DSU means Disjoint Set Union, etc
To me it is not hard to get the acronyms provided that they are aforementioned in a short paragraph, because I got that CHT thing by quickly skimming through the tutorial for 1179D again when I saw his comment, but that is probably just me though :|
Also I think it is just as good to write a word's acronym right after itself, like "Convex Hull Trick (CHT)."
In DIV2 problem B why is the following statement required: "if (n != 3 || (v[0] != -3 || v[1] != -3 || v[2] != 2))"
Even without this line the code is being ACCEPTED.
submission
Didn't you answer your own question? If it is accepted then the statement is not required ( this is true, assuming tests are not weak ). And I can assure you, tests are not weak. A lot of people had submissions fail on system tests.
To properly answer your question, No, that line is not required.
Another tip: instead of trying to understand code provided, it is a better practice to read the explanation and try to write the code yourself.
" Now to find the answer we can use a segment tree that maintains a balance between the number of dishes and the number of pupils for all suffices of values. " What do they mean by maintaining balance and suffices of values? In div1 C.
Can someone please help me in fixing my code , it passed 8 pretests but blowed up on 9th one
the link of the code is given below https://codeforces.me/contest/1180/submission/55891316
Try this: 5 -3 -3 1 1 -1
I think you need to use operation on minimum element (not abs min) when n%2==1 my acc output: 2 -3 -2 -2 -1 your: -3 -3 -2 1 -1 In second and third tests all values equals after using operation on non-negative elements and it's not important what element changed.
(sorry for my english)
Nice editorial.
Maybe in problem A for di2 you mean O(1)?
Although the editorial code calculates it in O(1), it’s still possible to calculate it in O(n).
Hey, can you help me in understanding the function used in editorial code? How did he got that?
You can calculate the answer for small values of n by hand (draw a picture) and look for a pattern.
I think solution of Problem B of DIV 2 (1180B) is wrong. Because it's written that if the product is already positive, it's the answer. Else to apply the operation to the minimal number is obviously optimal. But I got the solution accepted when I applied the operation to the maximal number in the array and found it more sensible. Am I right here ? if not please correct me.
Author solutions means, that you should do all numbers maximum on modulo (because abs(-a-1) > abs(a)). And if we have even count of numbers, which are maximum on modulo it is the answer.(because — * — = +). But if count of numbers is not even we sholud find minimum of these negative integers, and we will do maximum positive integer. Maybe you mean find maximum on modulo?
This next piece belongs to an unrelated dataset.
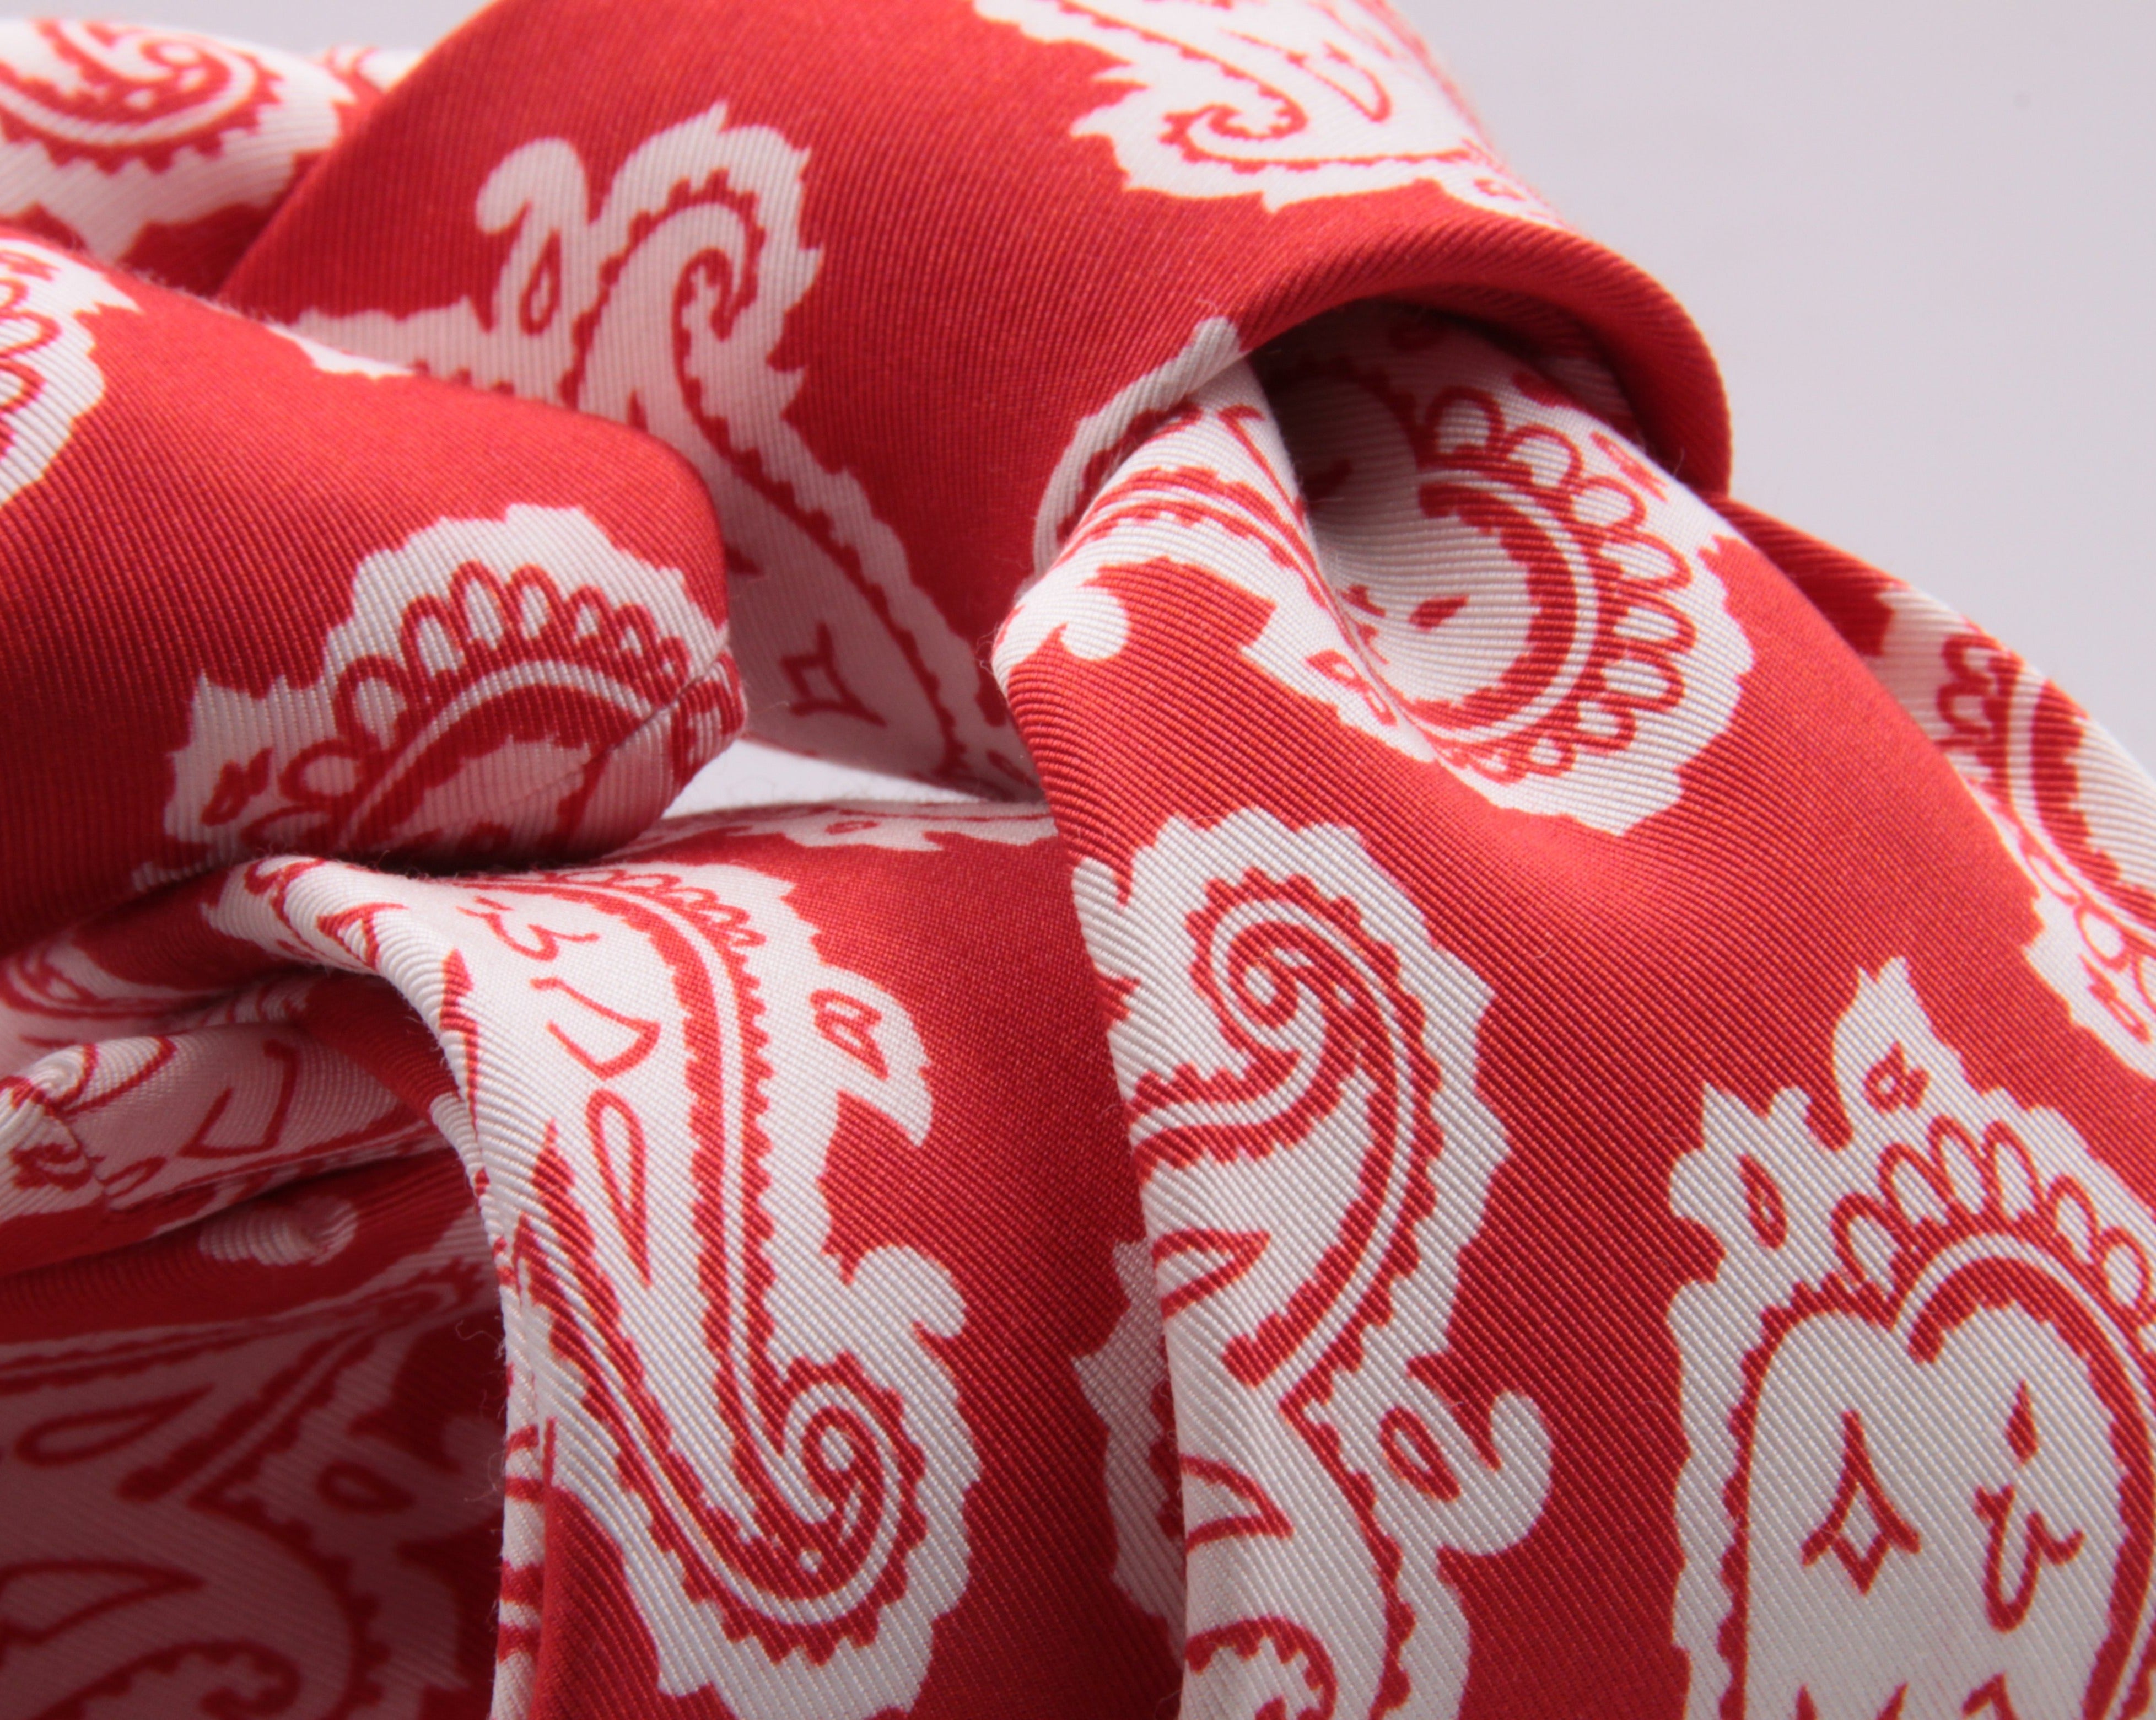 Drake's for Cruciani e Bella Printed 60% Silk 40% Cotton Self-Tipped Red and White Paysley Motif Tie Handmade in London, England 8 cm x 149 cm #5427

In case you're looking for a proof/ intuition behind why the approach in 1180B — Nick and Array — works, here is some food for thought:
When n is odd, increasing the magnitude of all the elements will leave us with a negative product because of odd number of negatives.. So we have to apply the transformation on one of the elements again -- which will make the product positive again.
Let's just concentrate on the magnitude of numbers - we have a series of numbers to multiply — a1 * a2 * a3 * ... an — we have to decrease the magnitude of one of these by 1. Which element do you pick? — You pick the one with the highest magnitude
Why does this work?
we have to maximize (a1 * a2 * a3 * ... an) -- so we can think of it as maximizing the sum of their logarithms — (log|a1| + log|a2| + log|a3| + .. log|an|) .. Because of how log function "straightens out", the decrease in log value will be the least when |ai| is the highest -- we are looking further right on the log graph — that's why you choose the one with the highest magnitude and decrease it
In Div. 2 E/Div. 1 C, shouldn't it be the maximum
x
instead of the minimum?In div1B, the coordinates can be expressed as one dimension,that is i,j=x*m+(y-1). The jump is i->j->i... for all i-j and j-i are different, the algorithm is proved.
My code:55987211
For div1 C it is not written anywhere that people will leave after buying one dish so it is possible that people buy other dishes with remaining money but the solutions accepted doesnt seem to handle these cases for example- 2 1 99 1 1 1 2 1 100 for this testcase answer should be -1 but output is coming 1 can someone explain how??
Why I got TLE in the problem DIV2 D when I use endl but got AC in the '\n'? TLE Submission: https://codeforces.me/contest/1180/submission/56012176 AC submission: https://codeforces.me/contest/1180/submission/56012511
When you use endl, it is basically the same as '\n' but it also flushes cout and thus works a little bit slower. In fact, this optimization is usually pretty useless, in this problem replacing long long with int was enough.
Thank you.
In problem C-Div1, shouldn't the answer be "maximum" x which satisfies the condition that the number of dishes with cost ≥x is strictly more than the number of pupils who have more than x togrogs?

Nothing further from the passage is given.